La messinscena del Tonchino ha un illustre precedente. Il 15 febbraio 1898 un incrociatore Usa, il Maine, esplose nella baia dell’Avana allora possedimento della Spagna come l’intera Cuba. Gli Usa presero a pretesto l’esplosione per dichiarare guerra alla Spagna, che con la pace di Parigi nel dicembre dello stesso anno vide la fine del suo impero e l’ingresso di Cuba nell’orbita di Washington. Nel 1987 una speciale commissione d’inchiesta Usa stabilì che il Maine non era saltato per aria per un attentato degli spagnoli e che l’esplosione sarebbe avvenuta “a causa di esplosivi stivati troppo vicino alle caldaie”. Un modo elegante per non ammettere apertamente che la nave era stata fatta saltare dagli stessi statunitensi, visto che è impossibile che una nave militare stivasse gli esplosivi vicino alle caldaie anziché nell’apposita santabarbara.

La frottola delle “armi di distruzione di massa”, atomiche comprese, che nel 2003 permise l’invasione dell’Iraq, ha un piccolo ma significativo precedente.
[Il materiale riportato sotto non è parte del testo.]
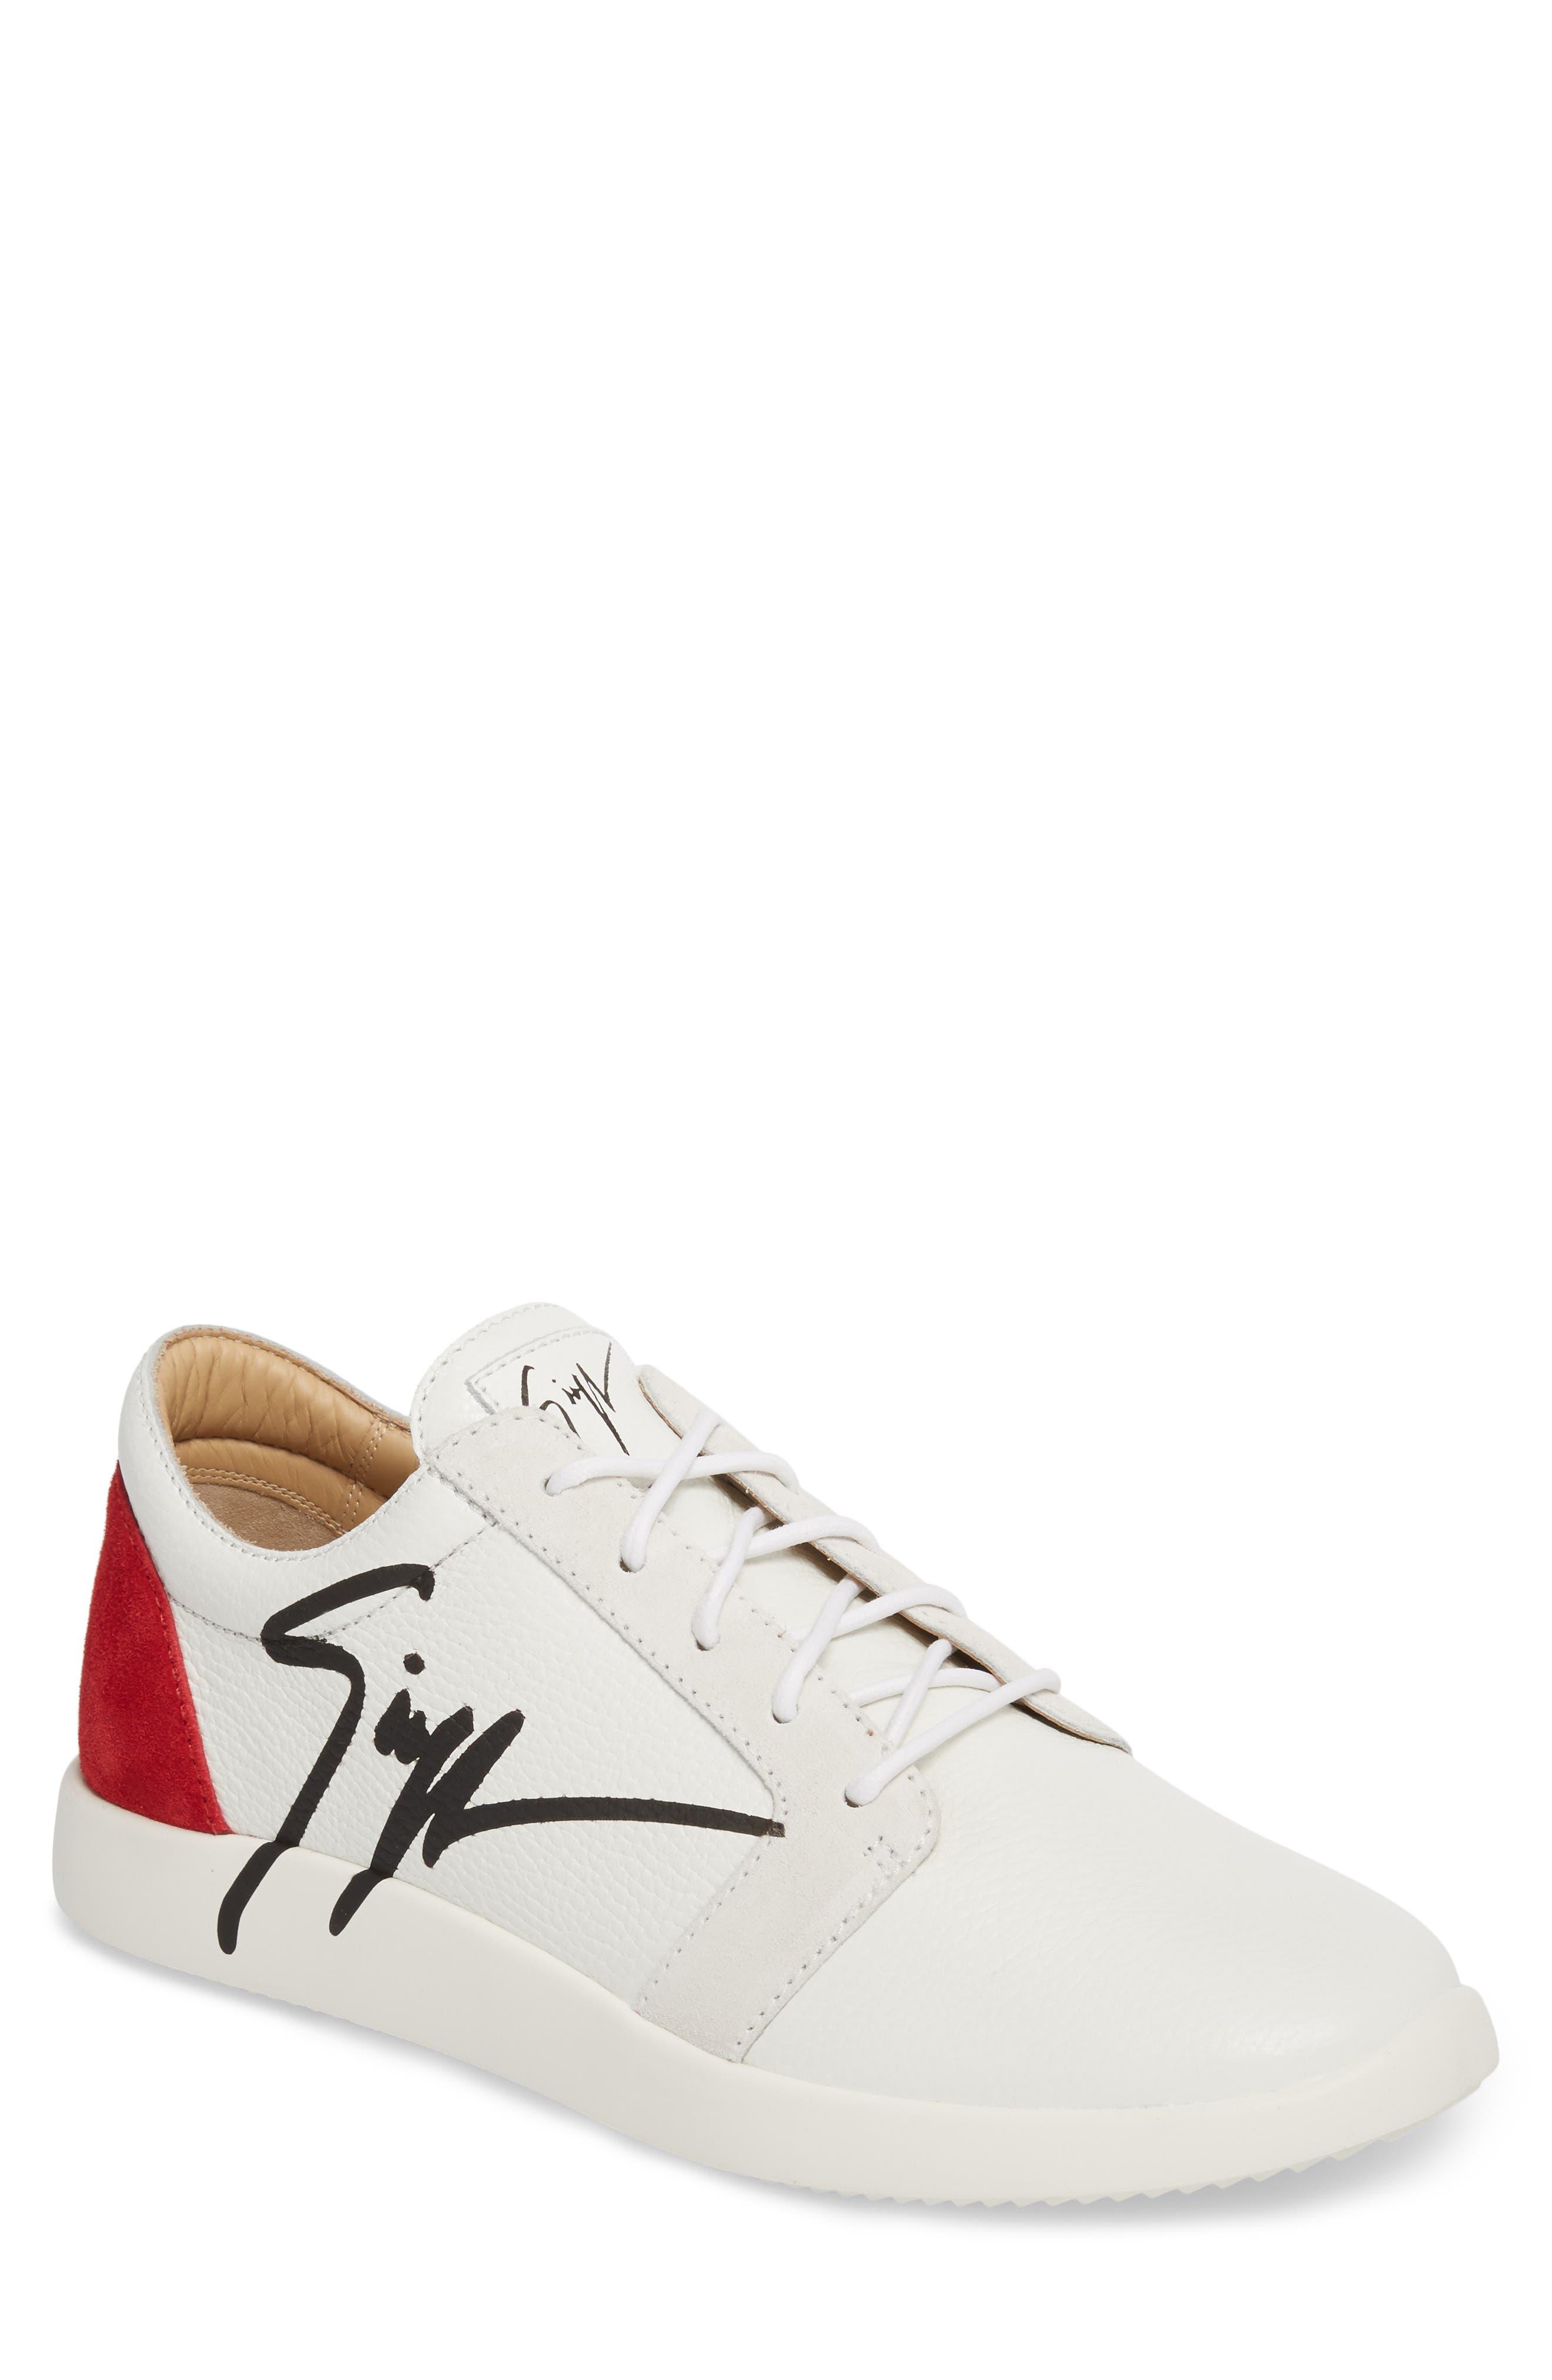 Signature Sneaker,                         Main,                         color, 124

Quando nel ’91 gli Usa, sotto l’egida dell’Onu e con il concorso di32 Paesi, decisero di intervenire contro l’Iraq perché aveva invaso il piccolo ma assai ricco di petrolio Kuwait, l’opinione pubblica mondiale venne sconvolta dal racconto di una giovane infermiera kuwaitiana sulla barbarie dei soldati di Saddam Hussein sfociata nell’irruzione nel reparto maternità dell’ospedale di Kuwait City per rubare le incubatrici dopo averne spiaccicato a terra i neonati. L’”infermiera” era in realtà la figlia dell’ambasciatore del Kuwait a Washington, studentessa negli Usa, e l’episodio delle incubatrici era stato inventato di sana pianta dall’addetto alle comunicazioni del presidente Reagan, Mike Deaver, in collaborazione con la Hill & Knowlton, una delle più importanti società internazionali specializzate in strategie della comunicazione e relazioni e affari pubblici. Per la cronaca, è stato appurato che quel reparto di maternità di Kuwait City non aveva nessuna incubatrice…..

Conclusione: tutto sembra dar ragione alla prudenza di Papa Francesco. E alla sua affermazione riguardo le menzogne di cui l’odio sempre si nutre.